Making the leap to Generative AI is not just about deploying a chatbot; it requires a reshaping of the foundational aspects of data management. Central to this transformation is the emergence of Data Lakehouses as the new “modern data stack.” These advanced data architectures are essential in harnessing the full potential of GenAI, enabling faster, more cost-effective, and wider democratization of data and AI technologies. As businesses increasingly rely on GenAI-powered tools and applications for competitive advantage, the underlying data infrastructure must evolve to support these advanced technologies effectively and securely.

The Databricks Data Intelligence Platform is an end-to-end platform that can support the entire AI lifecycle from ingestion of raw data, through model customization, and ultimately to production-ready applications. It gives organizations more control, engineering efficiency, and lower TCO: full control over models and data through more rigorous security and monitoring; easier ability to productionalize ML models with governance, lineage, and transparency; and lowered costs to train a company’s own models.
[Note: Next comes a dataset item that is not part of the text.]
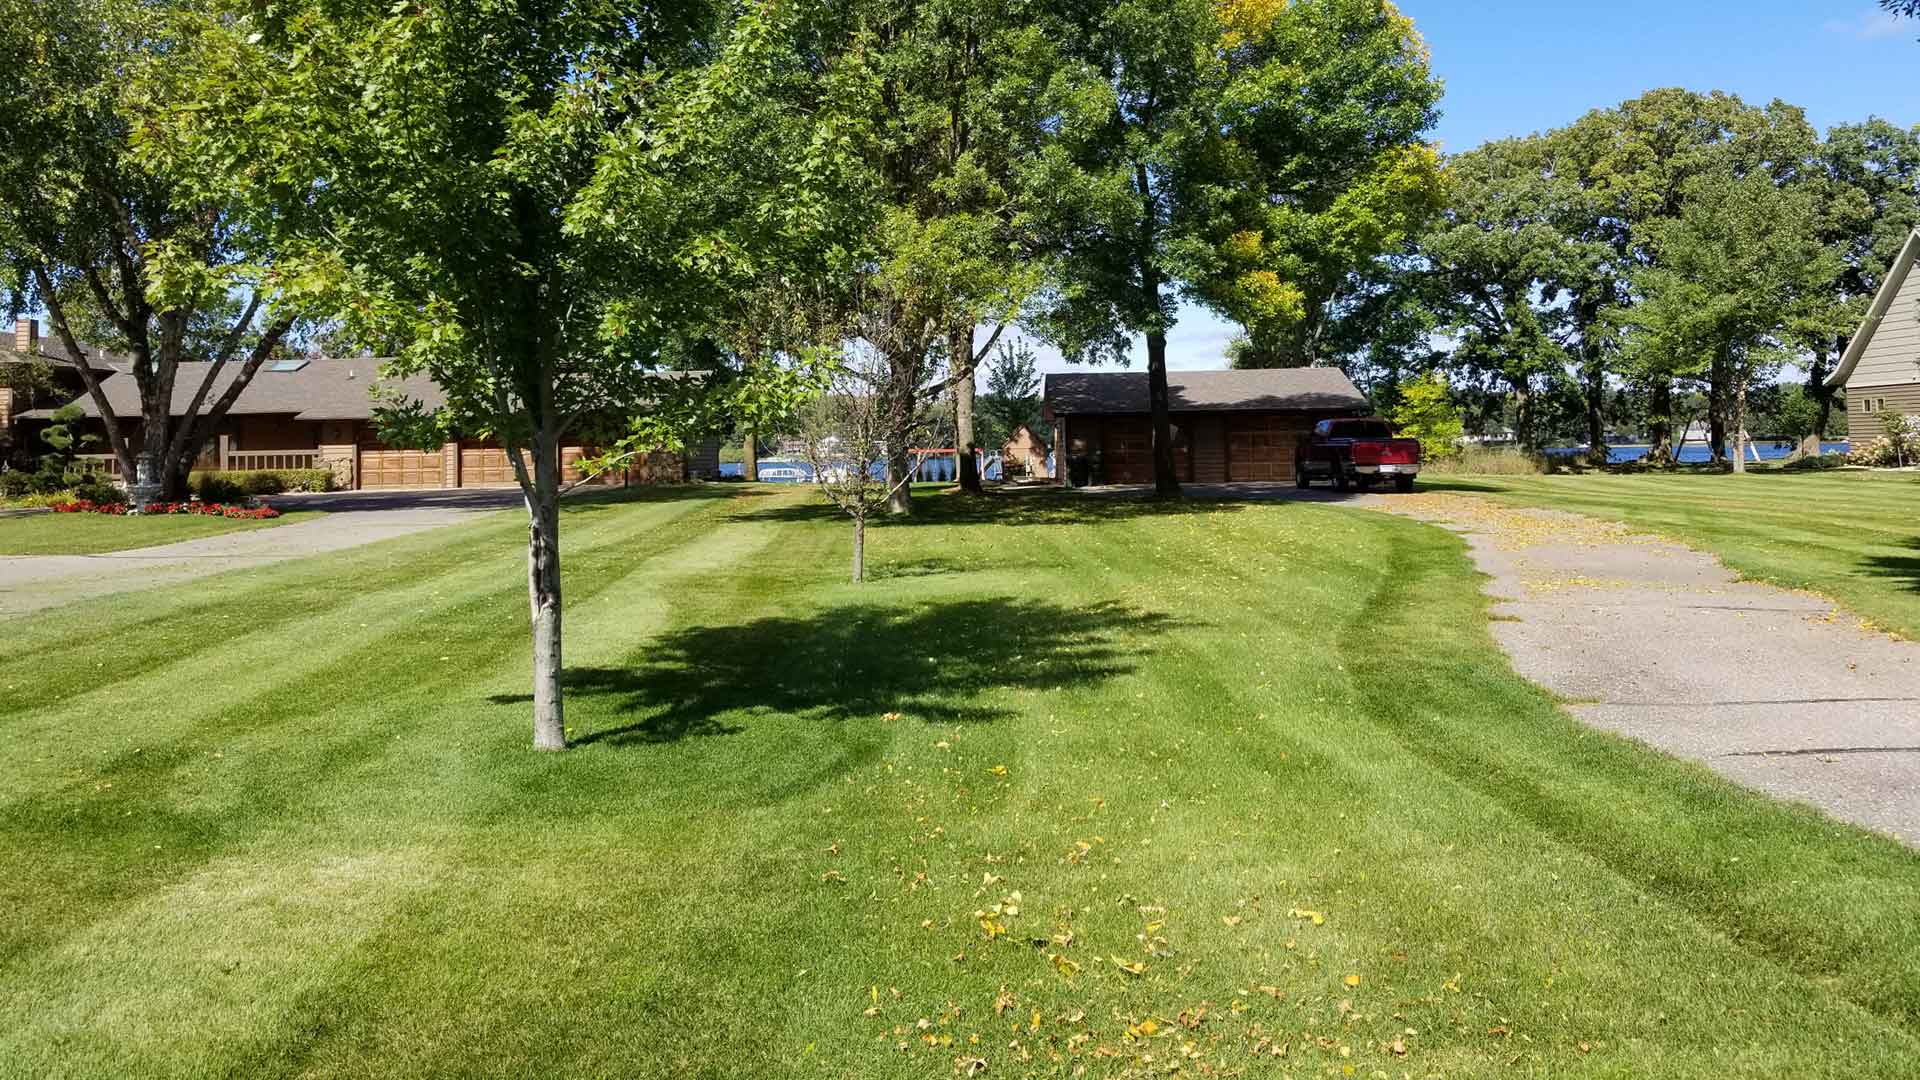 Lawn that was mowed recently in front of a home in St. Cloud, MN.

Databricks stands out as the sole provider capable of offering these comprehensive services, including prompt engineering, RAG, fine-tuning, and pre-training, specifically tailored to develop a company's proprietary models from the ground up.

This blog explains why companies are using Databricks to build their own GenAI applications, why the Databricks Data Intelligence Platform is the best platform for enterprise AI, and how to get started. Excited? We are too! Topics include:

  • How can my organization use LLMs trained on our own data to power GenAI applications — and smarter business decisions?
  • How can we use the Databricks Data Intelligence Platform to fine-tune, govern, operationalize, and manage all of our data, models, and APIs on a unified platform, while maintaining compliance and transparency?
  • How can my company leverage the Databricks Data Intelligence Platform as we progress along the AI maturity curve, while fully leveraging our proprietary data?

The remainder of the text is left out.